The point is to shop wisely for the components of a balanced diet, to plan menus that will provide nutrition as well as low cost. If you take home a $2.99 pie every once in while, at least it will be capping off a good meal.

- When she's not writing about foods and gardening, Gwyn Mellinger is teaching journalism at Baker University. Her phone number is (785) 594-4554.

Comments

aginglady 6 years, 1 month ago

This article is very interesting, something all shoppers can sink their teeth into. First, where do you see Banquet dinners for $.59????

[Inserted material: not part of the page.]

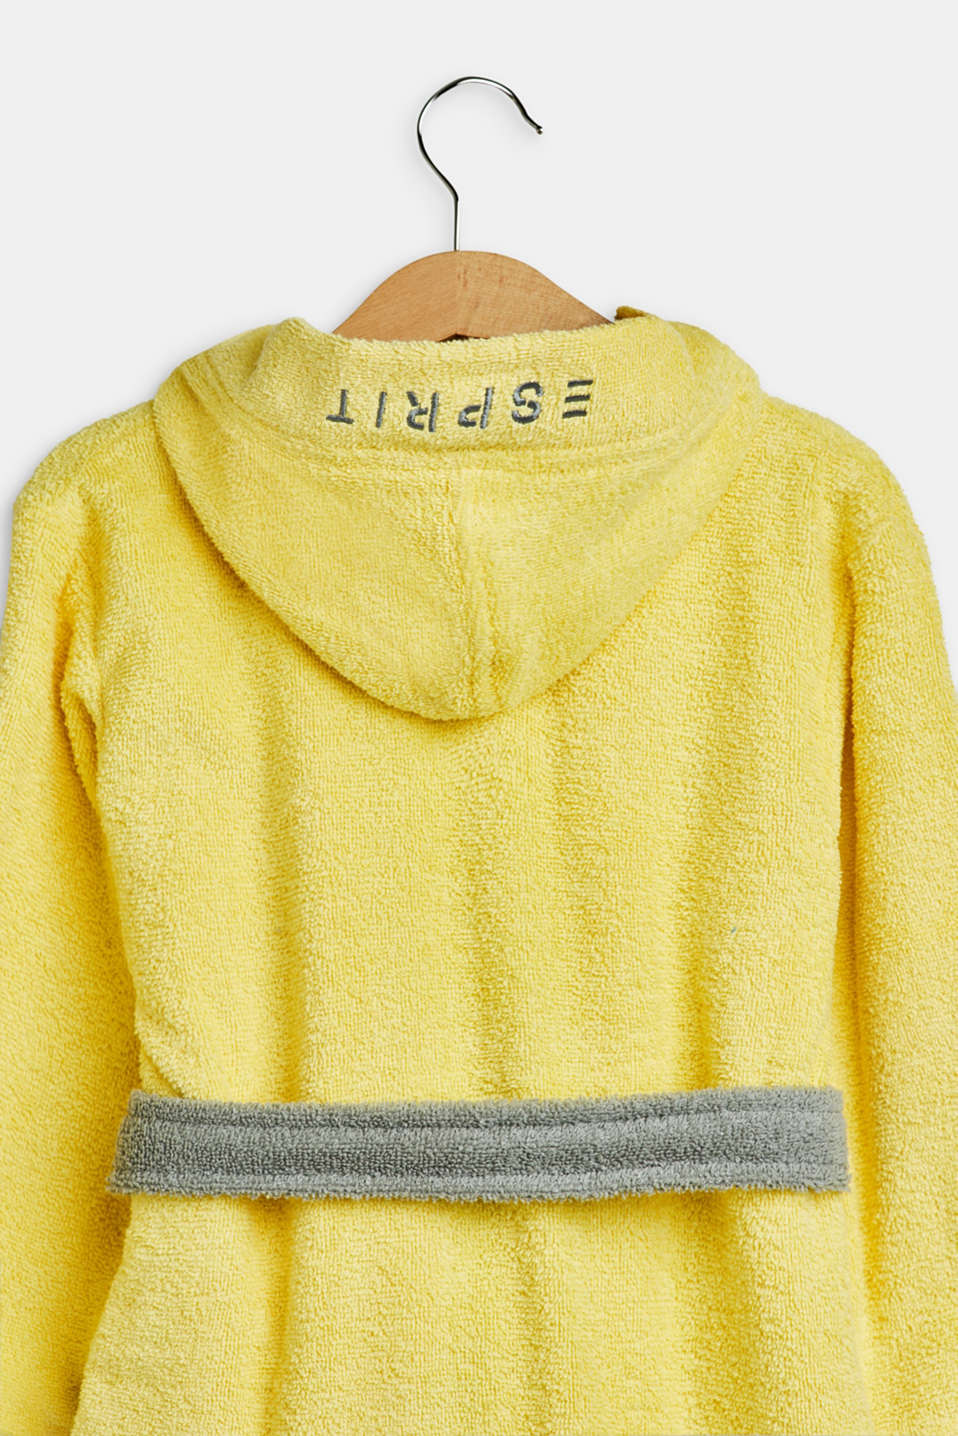 Children's bathrobe in 100% cotton, YELLOW/GREY, detail image number 2

Next, so many people are overweight AND need to save money. Talk to your doctor before you do the things I write. My information goes along with those people doing extreme dieting..meaning those with lap-band surgery, etc. YOU DON'T have to have the surgery, to be able to eat as little as they do. They focus on protein, VERY small amounts.You can start by doing something Atkin's like, then after a few days, start switching to chicken breasts, even the deli sliced chicken if you need to save time.A few eggs, not many, tuna, not much. Your body will see you are eating less (all protein) and start naturally using your fat stores.You will not feel hungry, as your body naturally fixes that for you. Their surgery just MAKES them stop eating before they eat too much, the surgery doesn't eliminate hunger, the protein does! People who have had gastric surgery aren't any different than you are without the surgery. They are able to live "healthy" eating a miniscule amount of food.Their bodies are fine with that, and just use fat stores. You are NO different. Your body will start using fat just like them, it doesn't need surgery. If you actually research it, they eat almost nothing, (shockingly if you aren't used to it). This amounts to a VERY small amount of food that's needed every day. Saves a fortune, and makes you healthy. Talk to a doctor about it. Dr. Vernon is an expert in weight loss. They had a woman in the paper who lost x lbs in x months. I laughed, I go to the same doctor's group. I went for a yearly check up, then didn't go in for a year..the year my life let me lose weight.I lost MANY more pounds than their star patient in the paper, in 2/3 the amount of time.When I went in at the one year date, no one knew me. Squeals across the complex as word spread. People kept coming into the room I was in and congratulating me. So, if you need to lose, and want to save, switch to protein and save big.